Instructions for the task: From the entries below, print exactly the span beginning with the line holding "Prioritize Environmental Safety" and ending with the line holding "(Carnival of Cultures)", endpoints included, and skip any pictures.

The records:
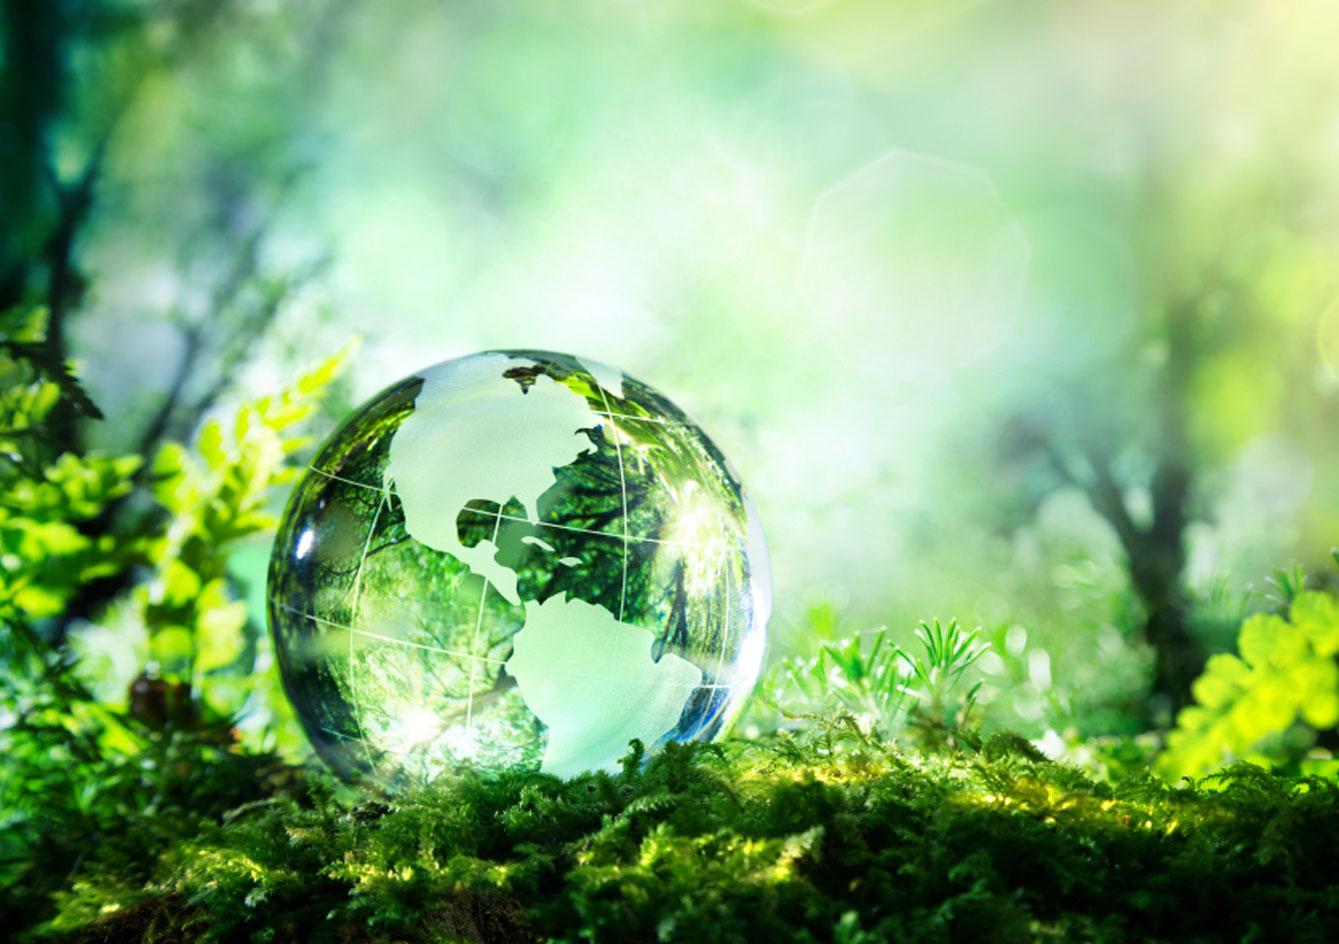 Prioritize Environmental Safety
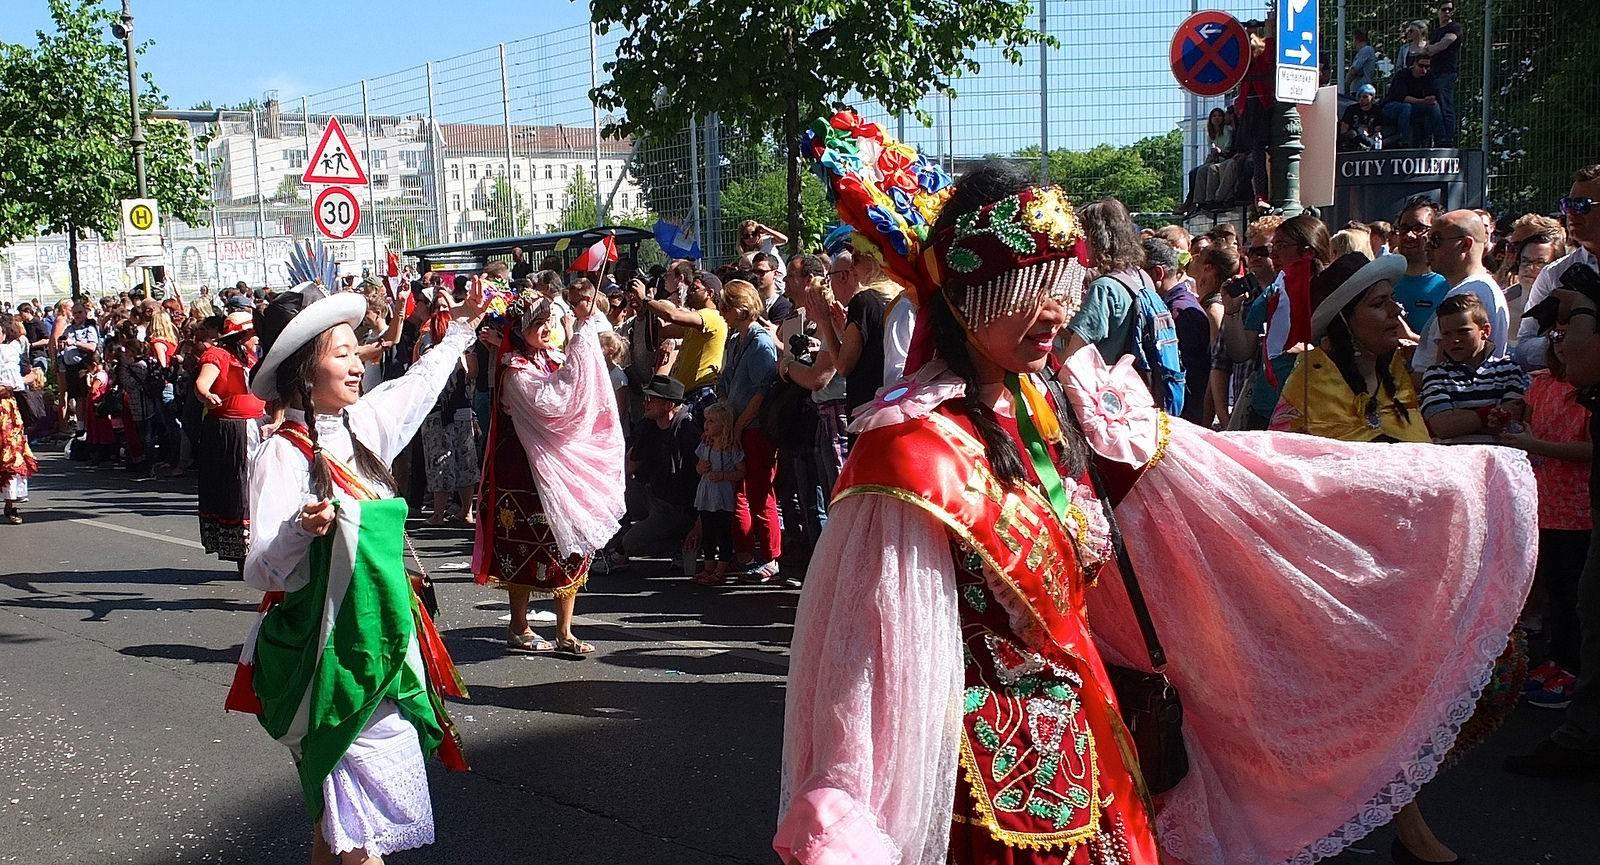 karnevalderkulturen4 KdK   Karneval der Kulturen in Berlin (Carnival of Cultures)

==

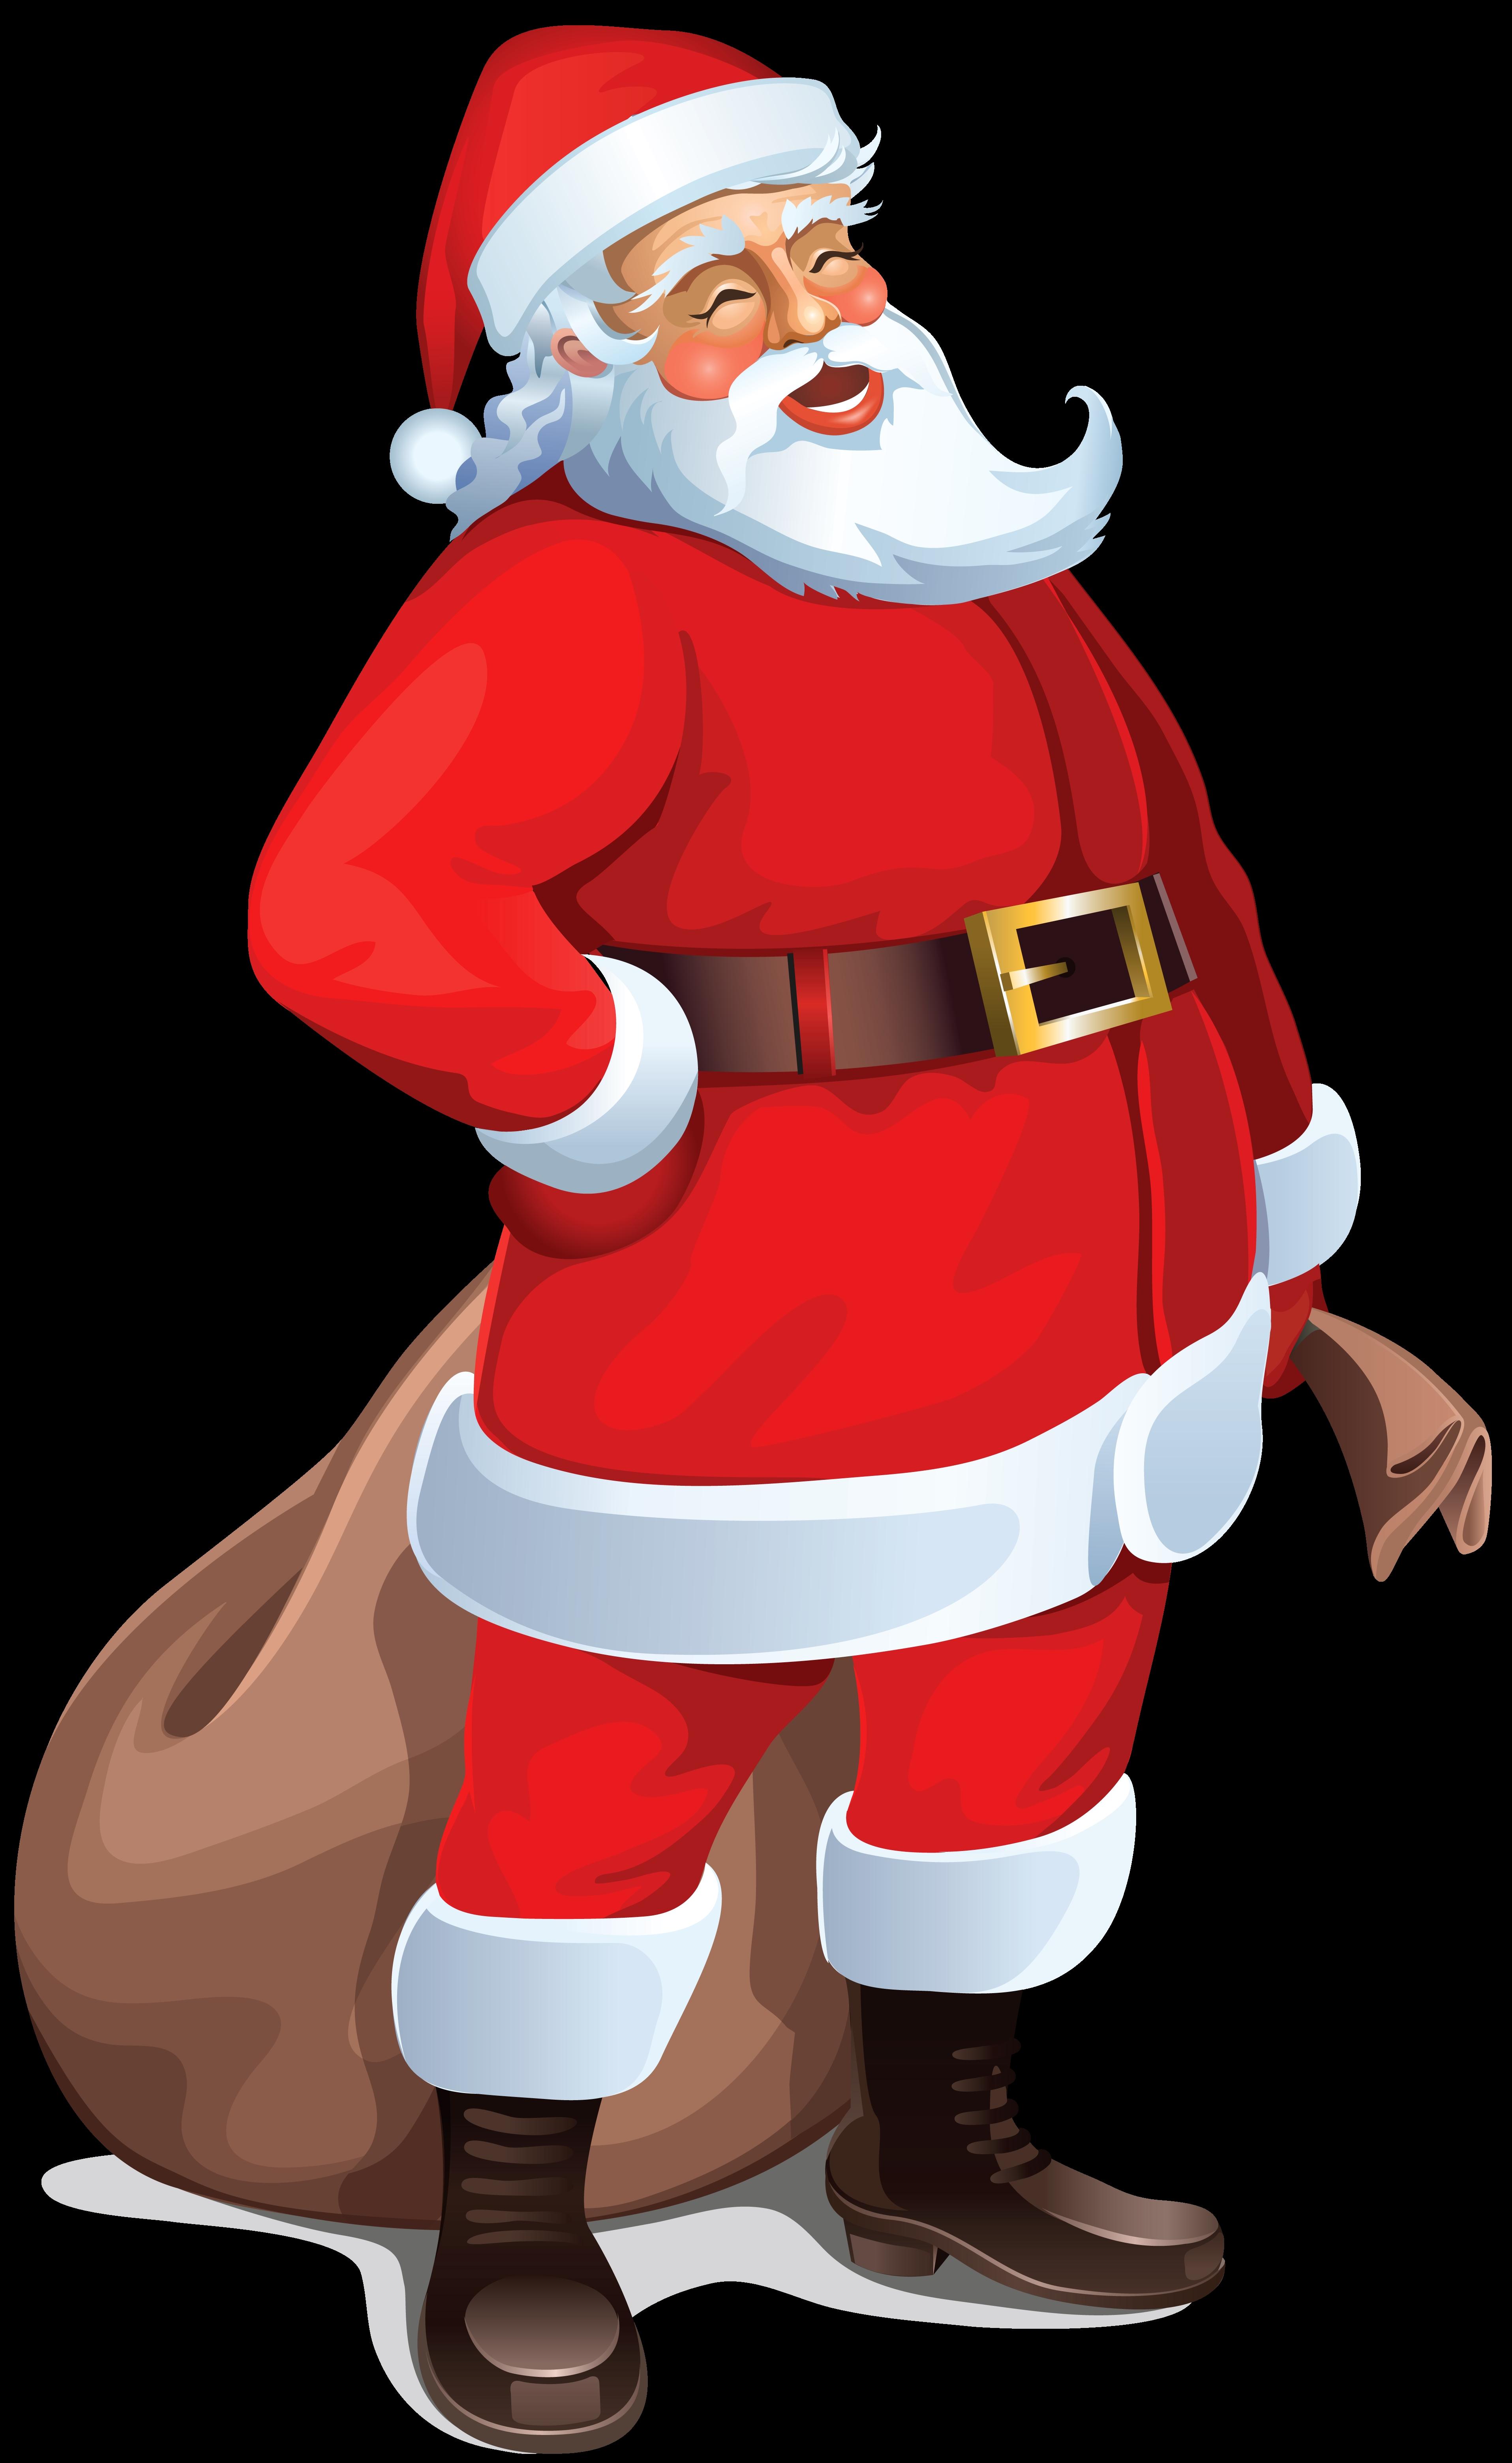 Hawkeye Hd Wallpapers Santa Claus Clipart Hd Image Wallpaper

==

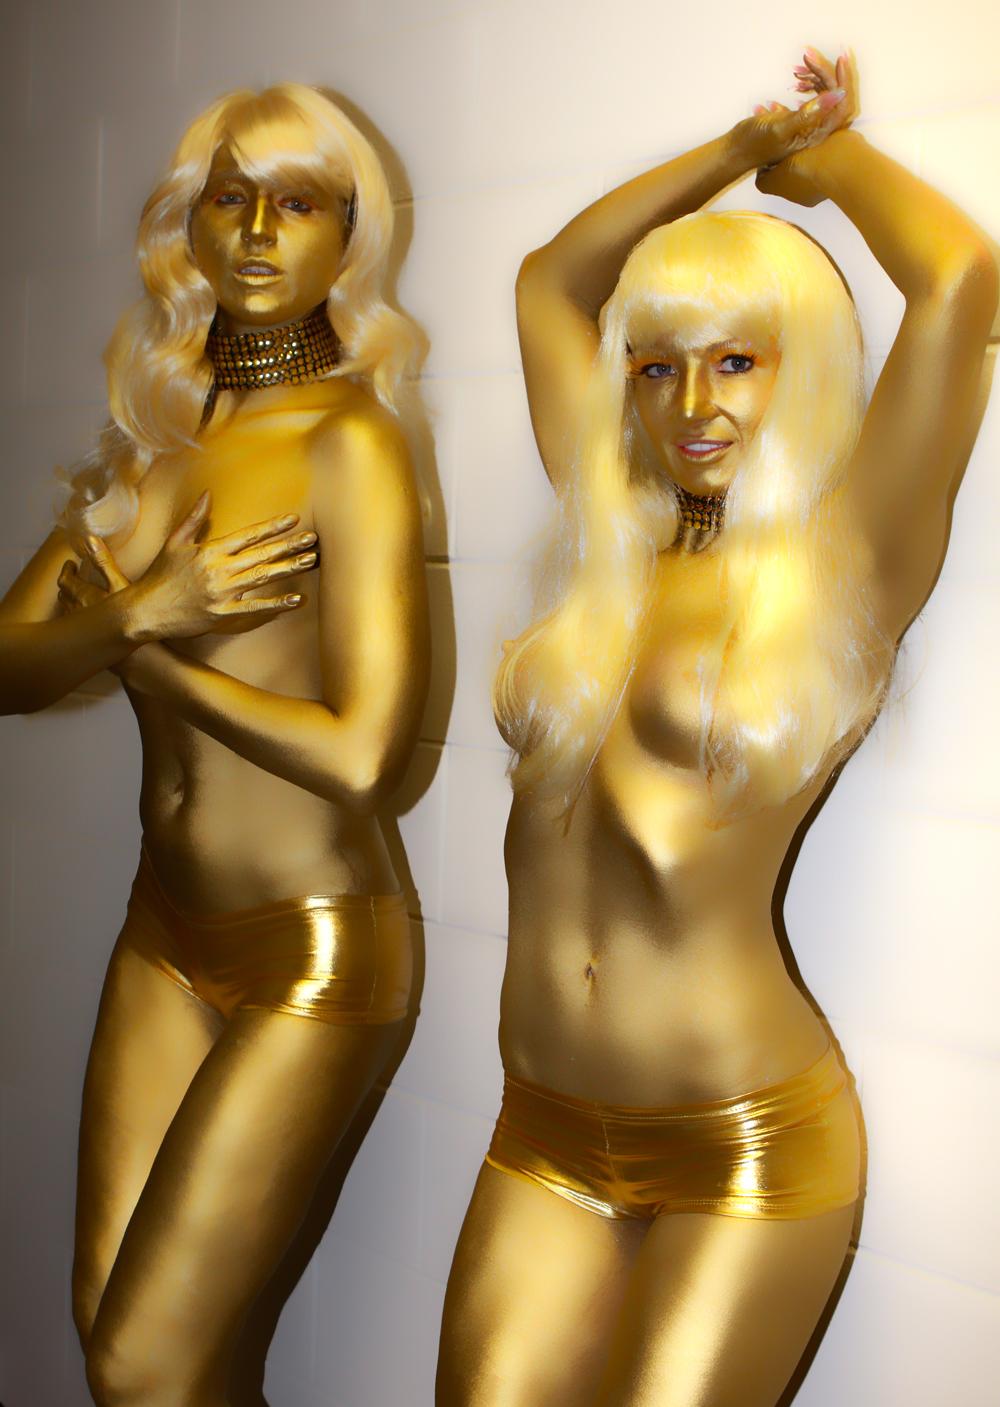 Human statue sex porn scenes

The completed task:
 Prioritize Environmental Safety
 karnevalderkulturen4 KdK   Karneval der Kulturen in Berlin (Carnival of Cultures)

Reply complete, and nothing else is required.